I am in India every year (except during Corona), often for several months, leading tour groups, exploring new areas and offers, making and maintaining contacts and always getting to know a bit more of the vast India.

 

I have always been a rather slow traveller myself, preferring to get to know areas more intensively than to touch on many things superficially. Walking in landscapes and through cities results in many more exciting encounters and surprises. I also love the encounters with the local people – no matter whether we discuss things in English or talk nonsense to each other without words. Of course, my own preferences have a strong influence on what we offer. On the other hand, I have a diploma in education, which means that I try to find a tour/form of travel that suits all travellers best. After all, all people are a bit individual.

And why is the company named Yangla Tours?

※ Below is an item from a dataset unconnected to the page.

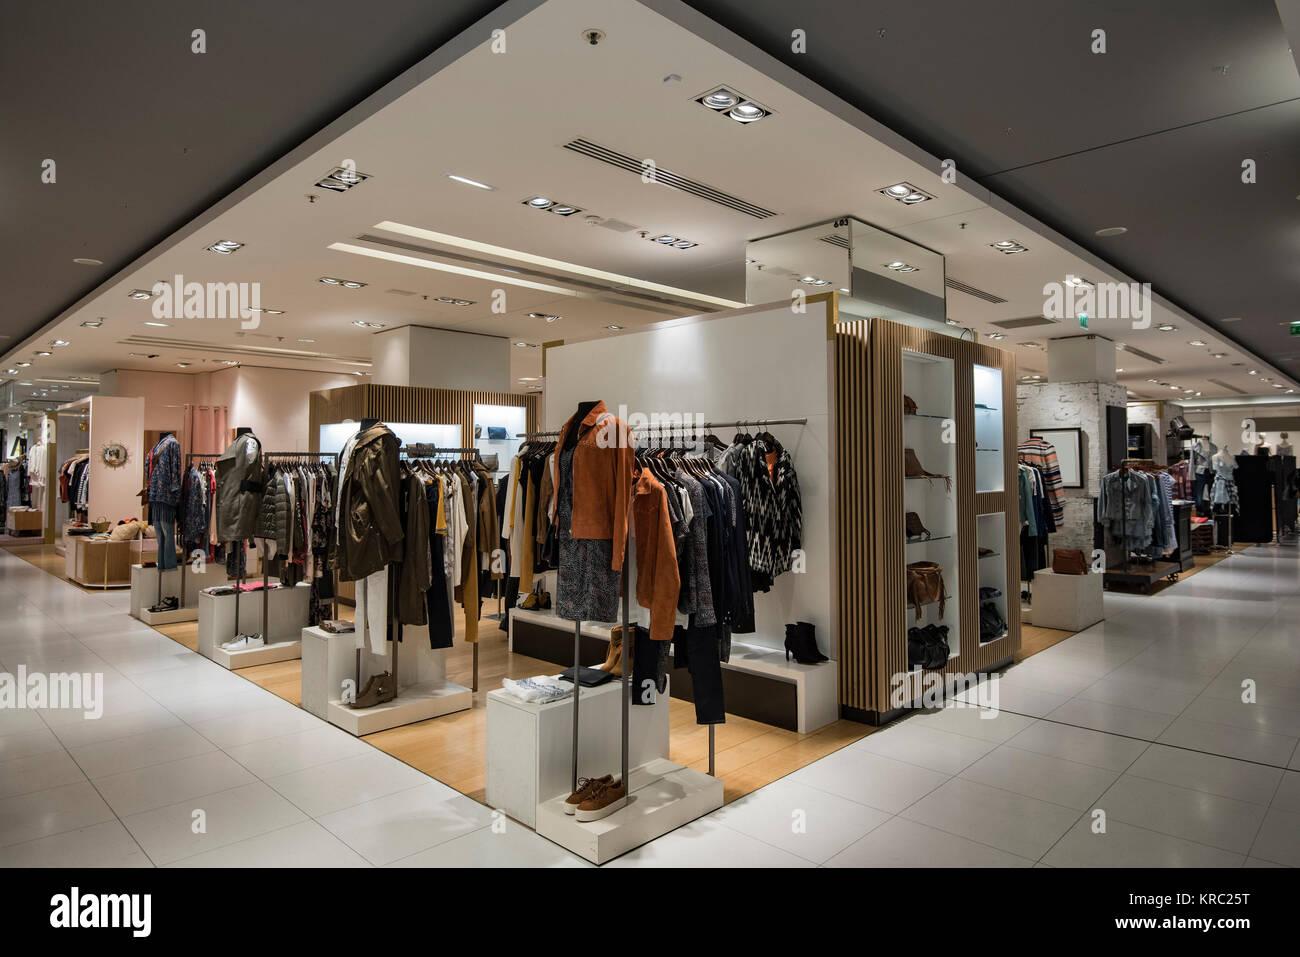 b33d532b7114 Donne vestiti in un negozio a Parigi Foto   Immagine Stock ...
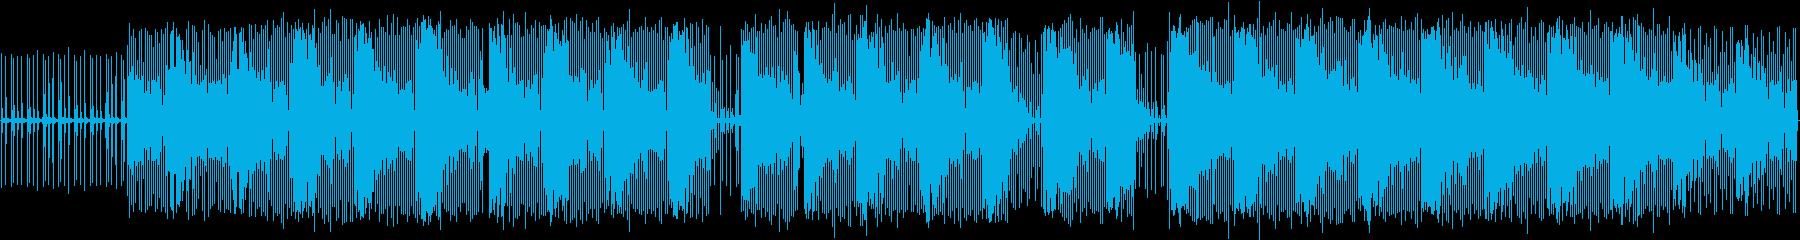 エレクトロハウス。雰囲気。ミステリ...の再生済みの波形

I’ll tell you a nice story about that. There is a little girl in Ladakh… Click here

 

Yangla is not only a Tibetan girl’s name but also means “light”, “candle”. We think you can always use a light when travelling!

The new countries

 

Some time ago, so many travellers to Ladakh told me before the trip that they had been to Nepal already. They assumed that I would know what their experiences were. But that wasn’t the case, I had no idea what it was like to travel in Nepal. So I took the opportunity in 2010 to go there. And was actually surprised many times, travelling in Nepal is quite different. Since satisfied travellers of mine also wanted to travel to Nepal through me and I had met a trustworthy local colleague – I expanded my travel destinations.

 

During Corona, India was complicated and I remembered that the world is a big place and that other destinations have great mountains and interesting cultures. And so I travelled to Armenia and Kyrgyzstan and later Georgia. On the spot, my tourism vein came through. Thoughts kept running through my head about how I could integrate my own experiences into great tour plans for guests. I obviously have a tourism gene in me and can’t help it. And since I also met partner agencies in these areas, there are further extensions of travel destinations!